Digidesign 888/24 I/O改造

888/24 front view今ではすっかりHDが主流になってしまったDigidesign Pro Toolsですが,よく言えばガッツのあるクリスピーなサウンドでそれなりに人気がありまだまだ現役のPro Tools 24MIX,そのサウンドキャラクターの一翼を担っている純正Audio Interfaceの888/24を少し改造してみました。
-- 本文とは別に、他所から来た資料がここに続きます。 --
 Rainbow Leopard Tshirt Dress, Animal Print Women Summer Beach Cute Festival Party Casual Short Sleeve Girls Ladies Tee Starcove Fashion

出力回路のオペアンプをひとつ張り替えるだけの単純なものですが再生音の質感を変えるのには効果的でコストパフォーマンスの優れた改造ではないかと思います。

888/24 inside, output stage #1888/24の出力回路は,ADCを出た音はフィリップスのNE5532Pを使ったフィルタと音量調整回路を経由したあとBURR-BROWN(現在はTexas Instruments傘下)のOPA134UAを使用したバッファーアンプを経由後同じくバーブラウンのワンチップAudio Differential Line Driver DRV134をつかったバランス化回路で構成されている。このDRV134というのは通常オペアンプを使用した電子差動出力回路あるいは電子(サーボ)バランス回路と呼ばれるものをワンチップに置き換える特殊なICで,確かに音に影響を与えている筈ではあるけれどもその特殊性から張り替える労力の割には効果が薄いと考えその一歩手前のOPA134UAを張り替えてみることにした。ちなみにDRV134には完全ピン互換のICがAnalog DevicesのSSM2142と言うものがある。DRV134の説明書には「IMPROVED REPLACEMENT FOR SSM2142」と書かれているのでSSM2142がオリジナルでDRV134がセカンドソースに当たるのかも知れない。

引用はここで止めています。